Microsoft, lotta aperta ai virus

A Monaco il gigante del software annuncia due nuovi prodotti per la sicurezza indirizzati al mercato aziendale: entrambi sono in grado di proteggere i sistemi da virus, spam e altre minacce provenienti da Internet


Monaco (Germania) – Microsoft sta per lanciare un nuovo servizio per la sicurezza, chiamato Client Protection , che promette di semplificare il compito degli amministratori di rete nel proteggere i sistemi aziendali – desktop, laptop e file server – dal malware.

Descritto da Microsoft come una protezione unificata contro spyware, rootkit, virus e altre cyber-minacce, Client Protection sarà simile alla soluzione integrata per la sicurezza Windows OneCare ma, a differenza di quest’ultima, si indirizzerà soprattutto alle imprese di medie e grandi dimensioni.

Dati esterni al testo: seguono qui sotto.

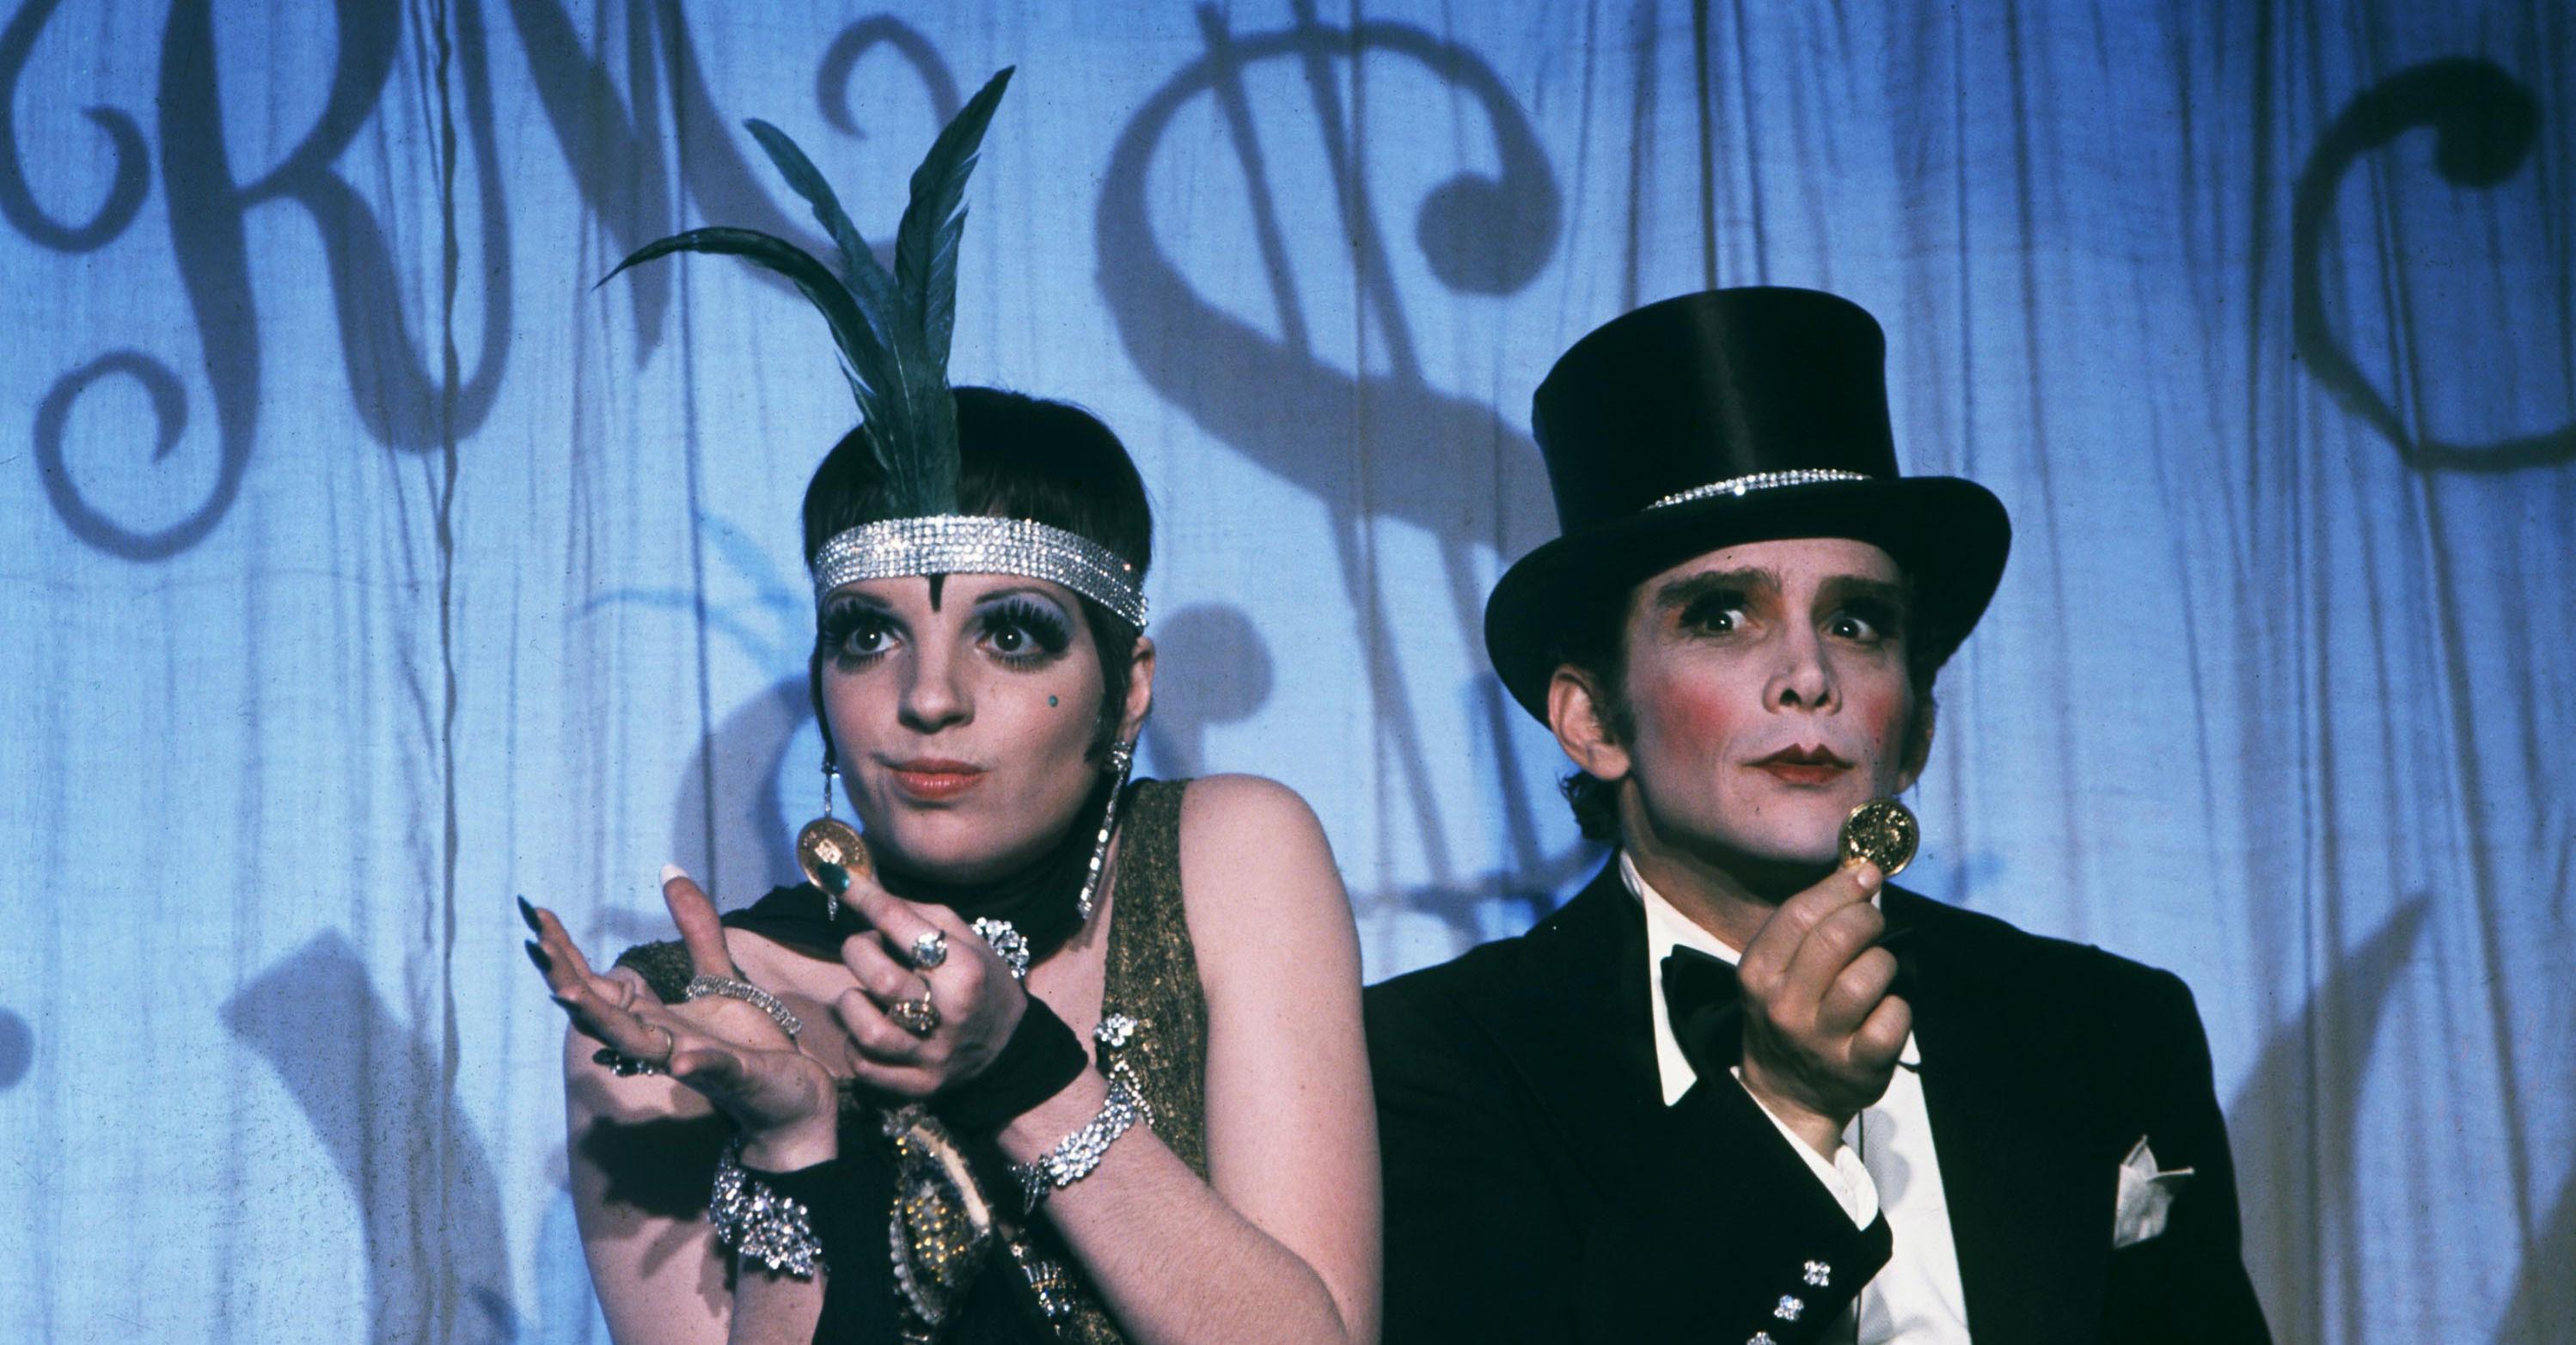 Liza Minnelli and Joel Grey star in 'Cabaret' (1972)

Il futuro servizio di Microsoft, che includerà anche strumenti per la gestione centralizzata e funzionalità di reporting, si integrerà con Active Directory e le attuali soluzioni del colosso per la distribuzione di patch e aggiornamenti.

Microsoft conta di rilasciare una prima versione beta del prodotto entro la fine dell’anno. Prezzi e tipi di licenza verranno annunciati in un secondo tempo.

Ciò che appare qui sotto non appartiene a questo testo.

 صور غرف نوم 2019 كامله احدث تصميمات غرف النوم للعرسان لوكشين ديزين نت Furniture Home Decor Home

Il secondo prodotto per la sicurezza annunciato da Microsoft a Monaco è Antigen , un software antivirus e antispam progettato per proteggere i sistemi su cui girano piattaforme per la messaggistica e la collaborazione, tra cui Exchange. Antigen si basa sulle tecnologie che il big d Redmond ha acquisito da Sybari Software ed include un motore di scansione migliorato, capace di rilevare le principali vulnerabilità di sicurezza.

Una versione di test del prodotto verrà rilasciata durante la prima metà del prossimo anno.

L’ultimo annuncio di Microsoft ha riguardato il varo di SecureIT Alliance , un gruppo di partner del colosso di Redmond che stanno collaborando allo sviluppo di soluzioni per la sicurezza in grado di integrarsi al meglio con la piattaforma di Microsoft.

“I nostri clienti stanno testimoniando ciò che emerge anche dalle nostre ricerche: la natura e la complessità delle minacce on-line e degli attacchi continuano ad evolversi, e cracker, ladri e pirati diventano sempre più abili”, ha affermato Mike Nash, corporate vice president della Security Technology Unit di Microsoft. “In Microsoft crediamo che i clienti abbiano il diritto di conoscere quali programmi stiano girando sulle loro macchine, da dove questi provengano, i loro scopi e come rimuoverli. Per aiutare i nostri clienti a esercitare questi diritti, e proteggersi dalle minacce in continua evoluzione, stiamo attuando un approccio alla sicurezza maggiormente olistico che include lo sviluppo di nuove tecnologie, la collaborazione con l’industria e l’educazione degli utenti”.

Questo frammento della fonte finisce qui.